Students in the Cottrell MBA program at the University of North Georgia's (UNG) Mike Cottrell College of Business have discussed issues from leadership to operations management as a variety of guest speakers have brought real business cases to the classroom this semester.

This month, Dr. Tim Elmore, founder of Growing Leaders and author of the best-selling book "Habitudes," examined the differences between a "leadership cult" and a "leadership culture."

"A cult is a group devoted and dependent on a central leader to instigate change, whereas a culture is a community of shared qualities and values that foster change," Elmore said when speaking to Dr. Wendy Walker's class on leadership and motivation on Oct. 16. "You will be in a position one day where you will be creating one of these; a leadership culture is an environment that contagiously affects people to think and act like authentic leaders, and if you can teach a person to think like a leader, they become better at whatever it is they do."

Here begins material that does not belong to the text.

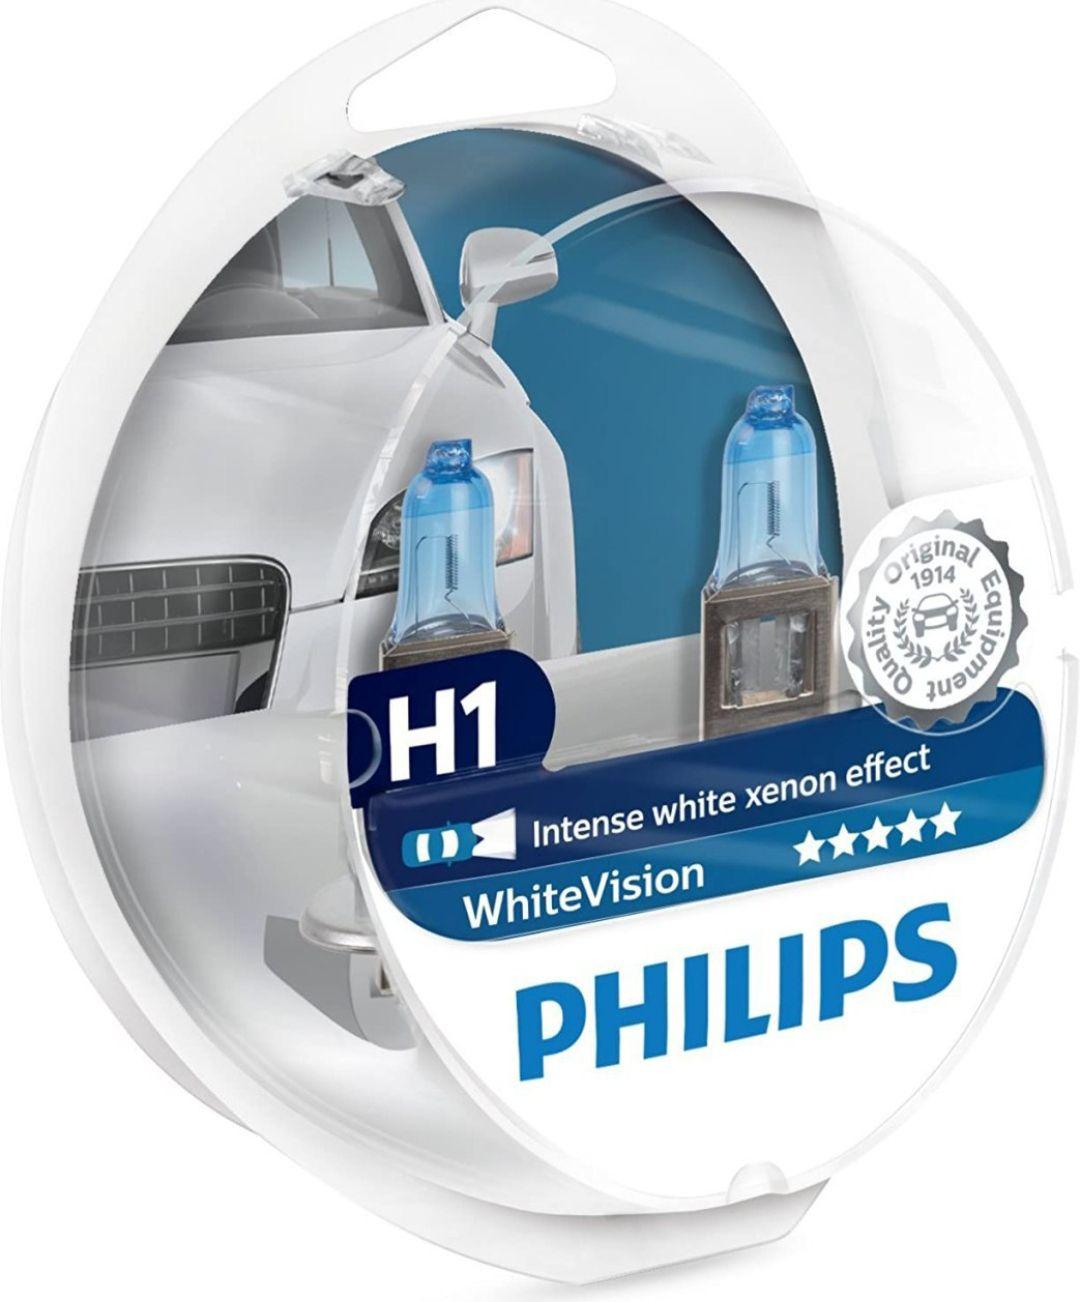 H1 Philips White vision [Reaco Como Nuevo]

Elmore encouraged the students to examine themselves to find out "which way their needles are leaning," be it more toward a cult, or a culture, and guided them through the process of how to create a successful culture. This included tactics such as how to lead others based on their personalities and how to recognize when a culture has reached "critical mass," or the minimum percentage of contributing people needed for a culture to sustain itself.

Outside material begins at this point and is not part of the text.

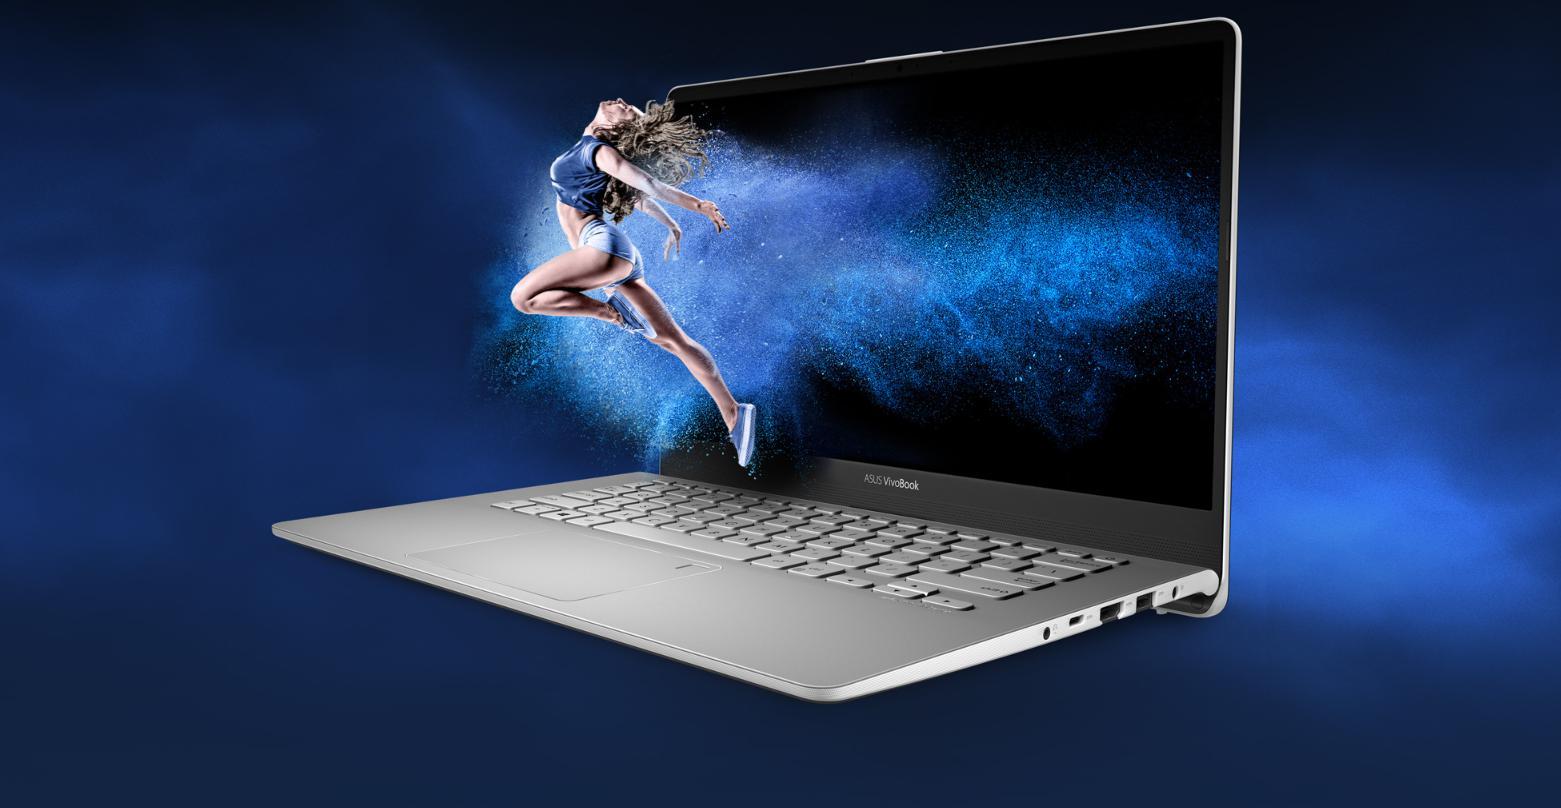 Đánh giá tổng quanLaptop Asus VivoBook S14 S430FA-EB069T 1

"One of the benefits of exposing MBA students to topics like organizational culture is that they have a chance to think and talk about the values that they want to exhibit," Walker said. " Making these decisions ahead of time, while also discussing and practicing how to deal with the obstacles that can arise in the workplace, can make leaders feel more confident about creating the culture that they think is right for the organization."

Walker also said that it is important for leaders to examine the implications for their roles in leadership positions.

"Being more self-aware will help students identify development opportunities, and will help them become more effective leaders," Walker said.

On Oct. 30, the Cottrell MBA program will host Aaron Beam during its Dinner and Dialogue event sponsored by the BB&T Center for Ethical Business Leadership. Beam, co-founder and former chief financial officer of HealthSouth, spent three months in federal prison after admitting to authorities that he and other HealthSouth leaders had committed corporate fraud. Beam, who also testified against then-CEO Richard Scrushy when the criminal activity was revealed, now speaks at many business schools to help students avoid his mistakes. This semester, several Cottrell MBA classes have completed case studies on ethical decision making that relate to the case Beam will present.

"Our students read and hear about ethical triumphs and failures on a daily basis — having someone of Aaron's stature coming to talk to them directly about how his situation unfurled, how it affected him and why he made the decision that he did makes it a much more personal experience for them," said Rose Procter, director of UNG's BB&T Center for Ethical Business Leadership. "They can self-examine while listening to him to see how they might have responded in Aaron's place, empathize with him in how the situation impacted his life, and ultimately understand the critical-thinking around Aaron's choices and plan for possible situations in the future where they may need to step up and do the right thing."